You will get weirdly close with one other person, telling him all kinds of embarrassing and overly personal things about yourself. He’ll turn into a humanized journal, listening to how
much you miss your best friend, your ideas for your PhD research, and line-by-line descriptions of all the genius inventions you’ve been meaning to patent. You’ll listen to his odd adventures in online dating in small-town Australia and get into long, overly involved discussions about which baboon in the study group is your favorite.

Then enough time will go by, and you’ll start to get thoroughly sick of each other. Particularly if you’re somewhere a little unsafe, there is literally nowhere to go for alone time, and so you’ll both plaster over your irritation and force a surface level of cooperation. But don’t be fooled; no one is happy about you using up all the toilet paper, your leg ulcers are nasty, and if you tell that story about karaoke night in Stockholm one more time, you’re getting “accidentally” pushed off a cliff.

5. You’ll be able to keep up this lifestyle when you get back.

Being without internet, television, fast food, and a desk job can do wonders for your quality of life.

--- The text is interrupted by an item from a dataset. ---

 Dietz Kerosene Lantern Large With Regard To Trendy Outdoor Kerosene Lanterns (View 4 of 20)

Without electricity, you’ll go to bed when the sun goes down and wake up when it rises. You’ll eat sparingly and healthily, and spend most of your day walking. You’ll discover natural pauses in your work where you can read a book, write, or relax. You’ll be blown away by the fact that removing luxuries has allowed you to reach this zenith of mental and physical health.

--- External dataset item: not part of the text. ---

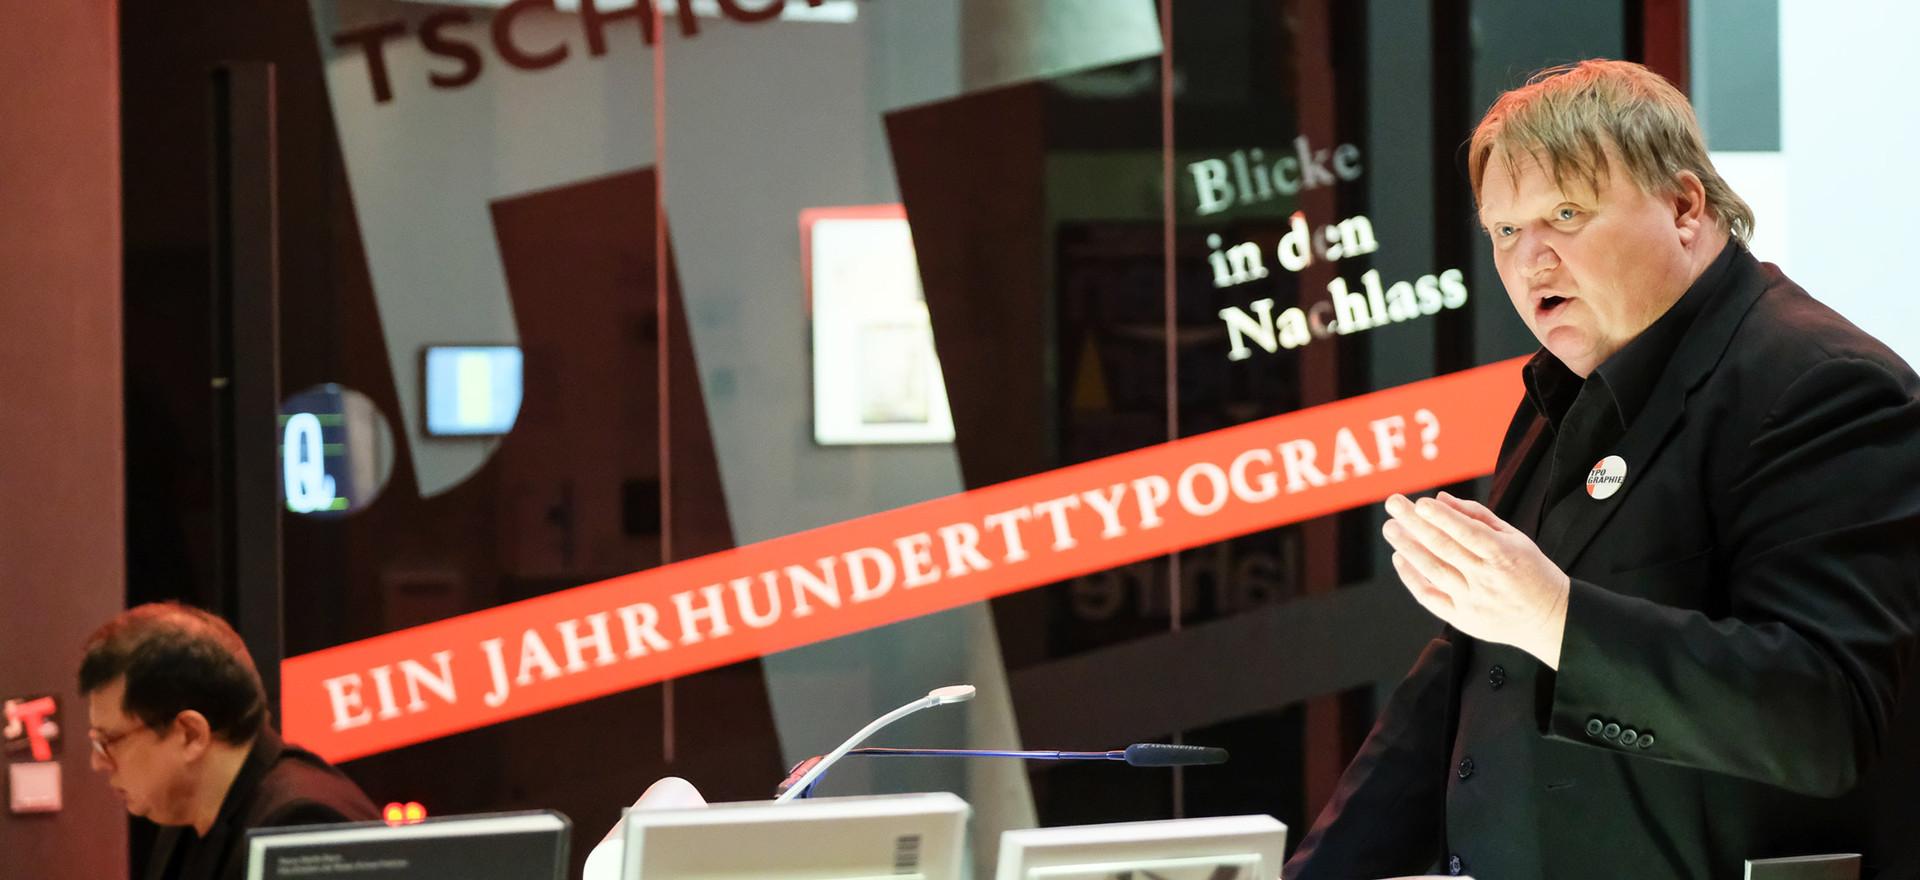 Jan Tschichold - Ein Jahrhunderttypograf?

While you’re still in the field, it will seem so easy to implement these changes when you go back home. You’ll cancel internet service in your apartment! You’ll walk to work! You’ll eat more vegetables! When you get home, you’ll be surprised by how quickly you fall back into old patterns.

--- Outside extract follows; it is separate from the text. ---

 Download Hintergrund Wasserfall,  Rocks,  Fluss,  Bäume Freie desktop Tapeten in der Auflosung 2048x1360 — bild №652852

6. Nothing has changed back home.

You’ll try to picture what your family is doing in real-time and fail. When I was in Ethiopia, the only mental pictures of my parents that I could conjure up involved them sitting out on their back porch, sipping beers in the late-afternoon summer sun. I was in Ethiopia in February, and my parents live in Boston, so this made absolutely no sense. I was in such a remote, new place, with so little access to the outside world, that I felt like I’d stepped into an alternate universe. Everything outside of my immediate vicinity took on an ethereal, unreal quality.

Far from being a sad thing, this often imbues your thoughts about loved ones with an unusually rosy glow. Your boyfriend may be rekindling the romance with his old girlfriend, but you don’t know about that. All you’ve got to go on is a catalog of memories about him, and so you’ll choose the best ones, replaying them over and over in your mind.